Editors Note: “Price is Right” is a running column from local film enthusiast Mr. Price. He reviews selected Strasburg Film Festival films. If he posts a negative review, then the Shenandoah Film Collaborative will respond within his reviews as to why we selected the certain film. By going about it this way, we can help ensure the reader that these are honest film reviews.
“A Mother’s Will” documents the production of a musical by the same name in the wake of tragedy. After the death of her son Will, Ann-Charlotte Robinson helps to create this play as a way to spread awareness about suicide and mental illness. The film, and the play it documents, serve as both a heartfelt eulogy to someone who meant the world to those involved, and a message to others in a similar situation.
“A Mother’s Will” alternates between showing us bits and pieces of Will’s life and exploring the effect of his passing on his loved ones.

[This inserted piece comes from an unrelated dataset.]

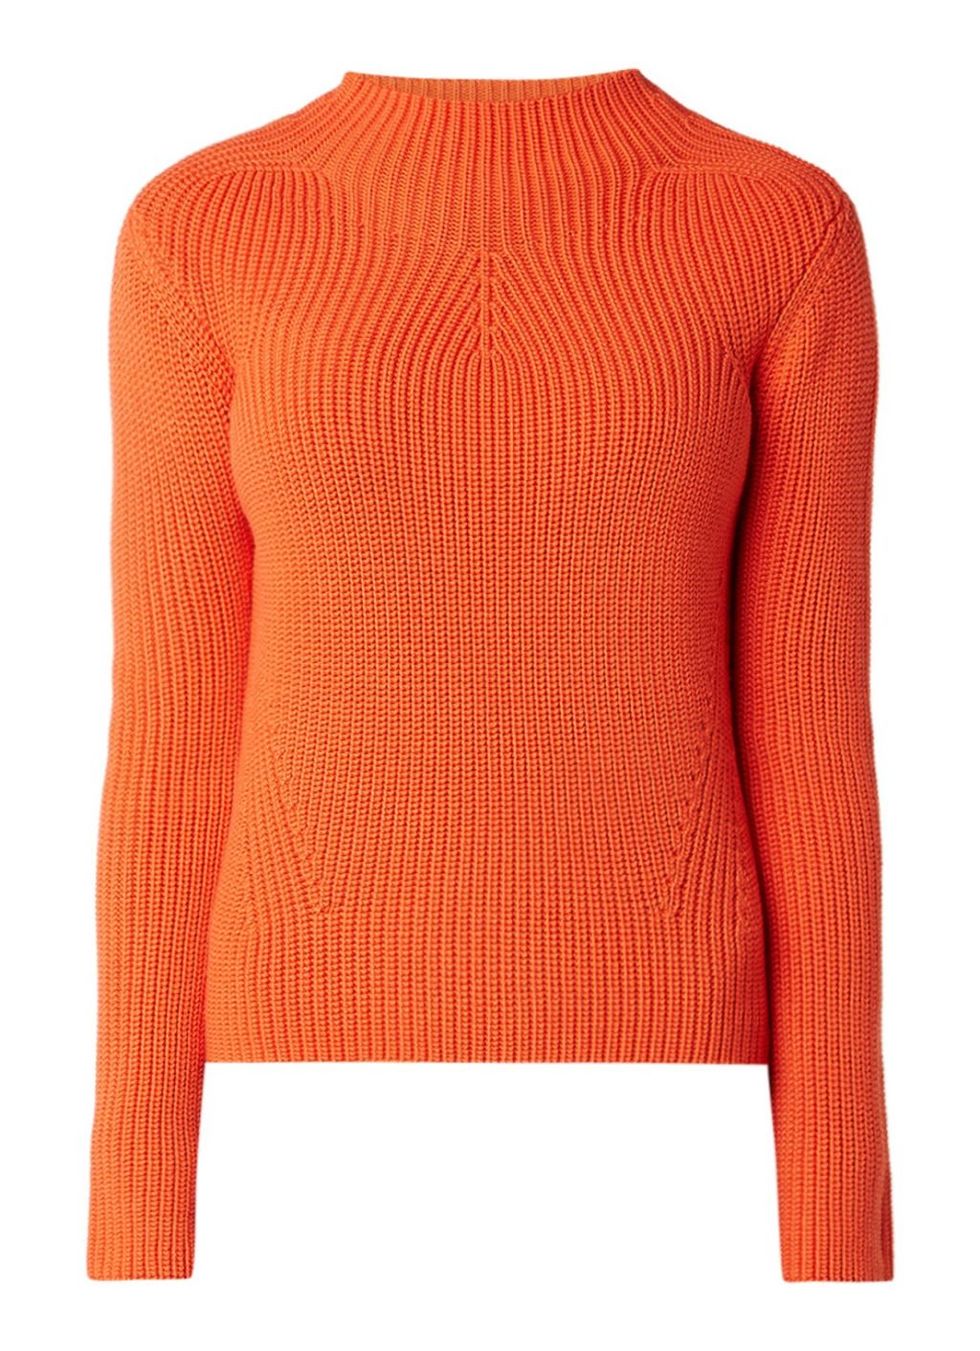 Clothing, Orange, Sweater, Outerwear, Neck, Sleeve, Jersey, Wool, Top, Beige,

Clips from old home videos starkly enforce the profound tragedy of his death, while at the same time the interviews with family, friends, and the creators behind the play reveal how deeply loved Will was. The core of the film is the idea that even, or especially, those most wounded by Will’s passing have dedicated themselves to doing anything possible to make a change in the world, to prevent the next tragedy of this nature. The strength of Ann-Charlotte is on full display here. Her willingness to be so open with this pain, so that others will know they are not alone, is astounding and inspiring.
Both the film and musical “A Mother’s Will” are about trying to make something positive out of tragedy, and in this they absolutely succeed. The pain documented here is brutally real, but that is not where the film’s focus is. Rather, it is on the attempt by a group of incredible people to do some good with that pain, to encourage those in a similar situation to reach out, and to do whatever is possible to keep this from happening to any others.